SON of a tenant-farmer, the minister of Pollokshields United Free Church was born at Castle-Yards in the parish of Torthorwald, Dumfriesshire, in 1838. His father died early, and be was brought up by his mother, who continued with success to carry on the farm. He began his education at the parish school under Dr. Sewell, afterwards of Shawlands, and continued it at Dumfries Academy, where he rose to be dux of the school. Afterwards, at Edinburgh University, he distinguished himself as a prizeman and medallist. Though he took only the ordinary papers for his degree in arts, the examiners awarded him Honours in Natural Philosophy "for the superior excellence of his answers."
While at the Divinity Hall he began mission work in connection with the Fountainbridge Church and during his holidays he engaged in evangelistic work.
With the late Professor Candlish he continued his studies in Germany, and in 1864 he was ordained to the Wynd Church, where his mission experience helped him greatly in work among the degraded. Some of his experiences there are told in his book "Rescuers and Rescued."

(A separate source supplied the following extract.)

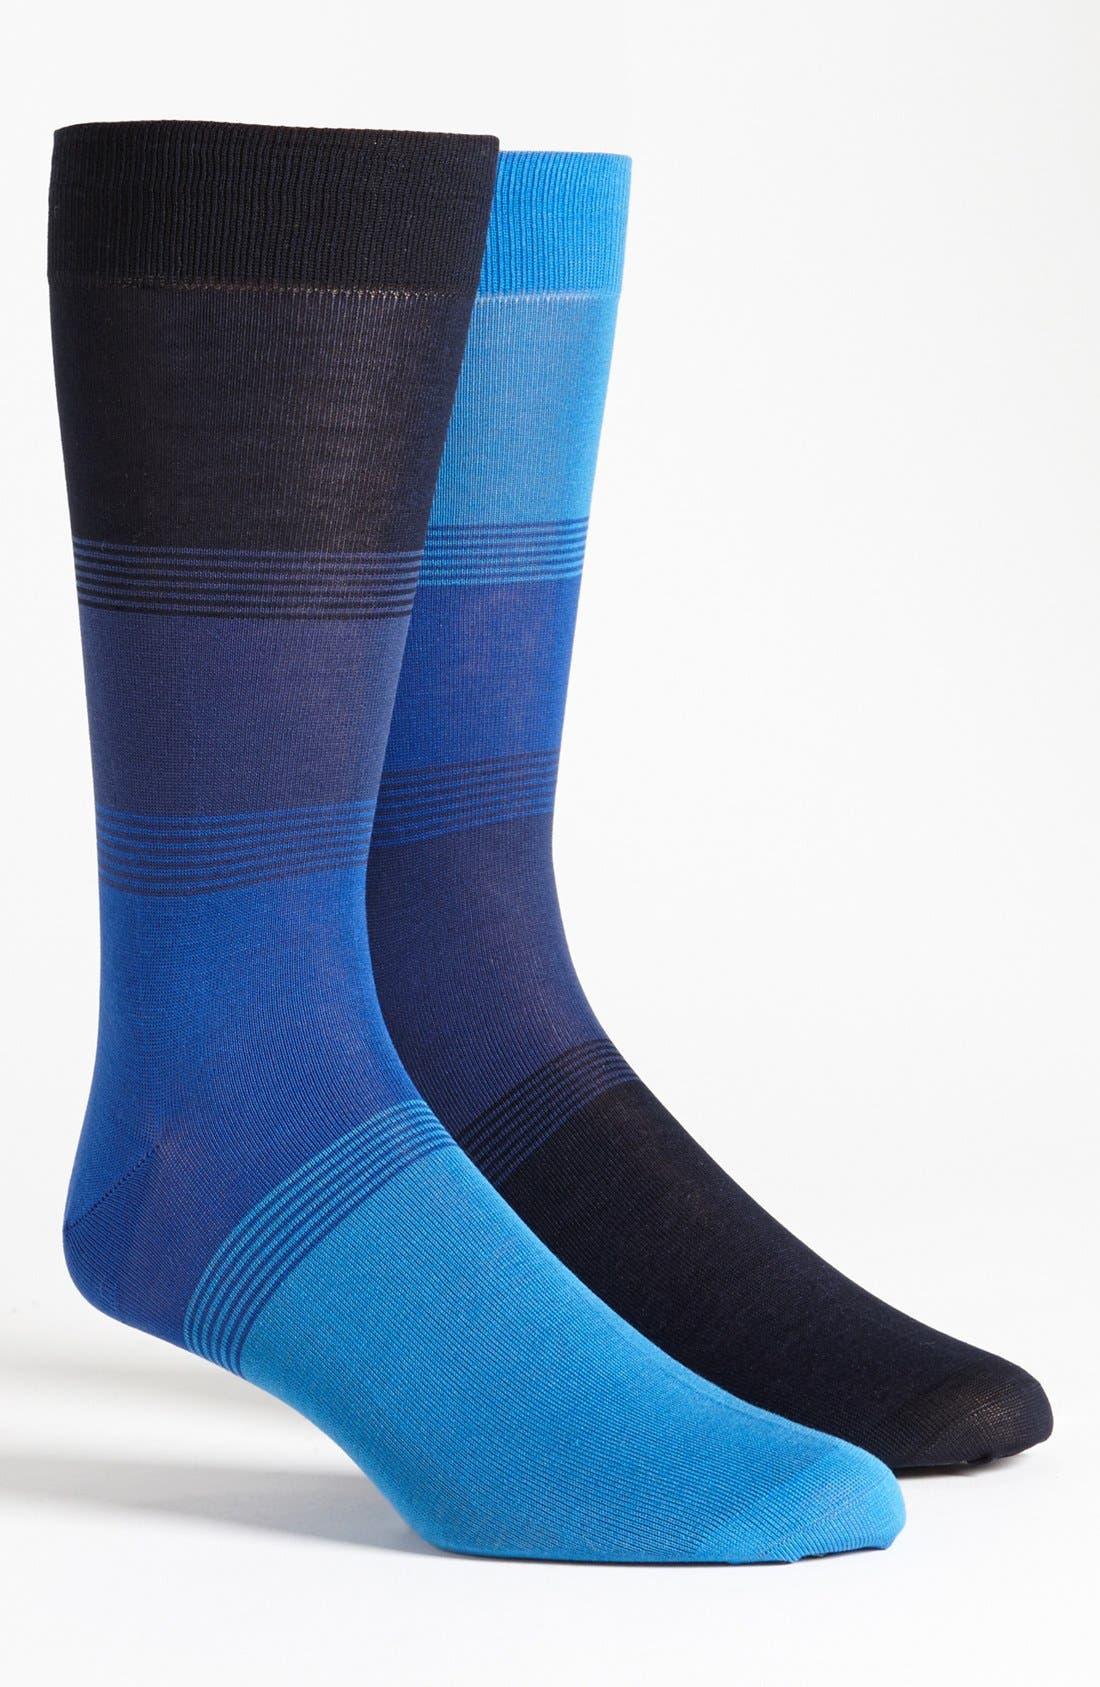 Main Image - Pantherella for Ted Baker London Stripe Socks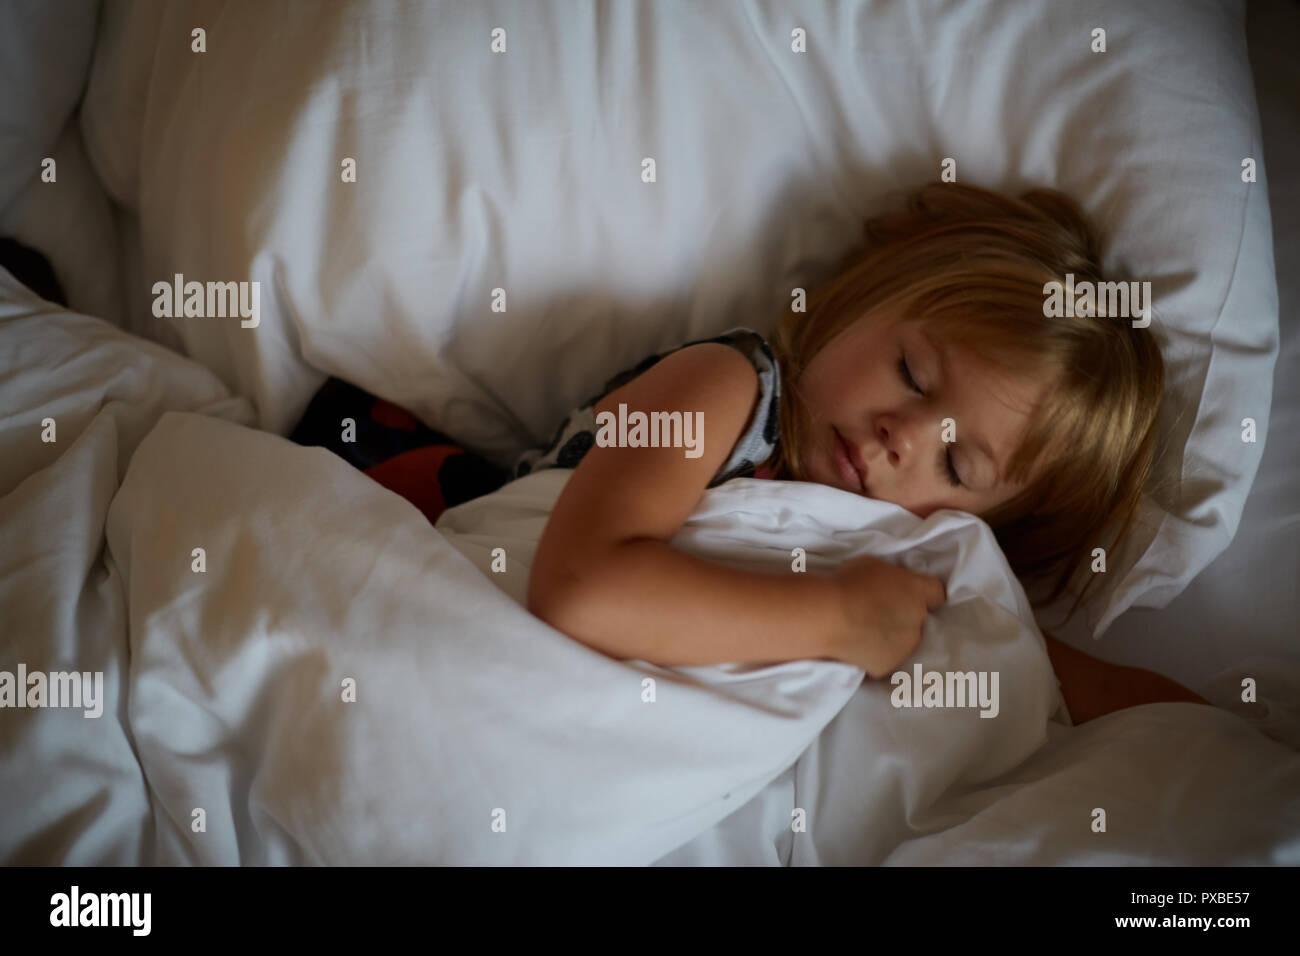 Girl lying in bed after sleeping. morning awakening, a fun morning, playing in bed - Stock Image

He remained in the charge five years, refusing calls to succeed Dr. Guthrie in Edinburgh, and to Renfield Free Church, Glasgow, and others. In 1867, however, he was sent as a deputy, along with Principal Fairbairn, to the Presbyterian Churches of America, and in the same year he became pastor of the Free Barony, an offshoot from the Wynd Church. During his ministration there he was instrumental in bringing Mr. Moody, the American evangelist, to Glasgow, and his congregation founded separate churches at Sighthill and Blochairn.
In 1875 a Free Church was started in Pollokshields. He was invited to take the charge and accepted. An iron church was opened in November of that year, and a congregation gathered rapidly. A stone church was built and opened in September, 1877, at a cost of £15,000. In 1876, a mission was begun in West Scotland Street, and it is now a sanctioned charge.
During 11years in connection with the Free Church General Assembly he acted as Convener of the Home Mission Committee, and for six years he was Convener of the Jewish Mission Committee.
In 1884 he was sent to Palestine to establish the Sea of Galilee Mission, and he went out again seven years later, to further its work. In 1889 his semi-jubilee was made the occasion of his congregation presenting him with a sum of £500, and he then visited Egypt and Palestine. At a later date he was honoured with the degree of D.D. from his alma mater, Edinburgh University.
Dr. Wells' written works include "Bible Echoes," "Bible Images," "Bible Children," "The Parables of Jesus," "Travel-Pictures from Palestine," and "The Life of Dr. Hood Wilson." His most recent book is the life of "Stewart of Lovedale." His wife is the sister of Sir A. R. Simpson, M.D., of Edinburgh, and niece of the famous Sir James Simpson. His eldest daughter, after taking a degree in medicine, went to India as a missionary in 1894. During a holiday home four years later she married the Rev. Dr. Macphail, and proceeded with him to similar work among the Santals. His elder son is a doctor at Capetown, and his younger son is a captain in the I.M.S. One of his daughters is a member of the Govan School Board. Dr. Wells' recreation is travelling.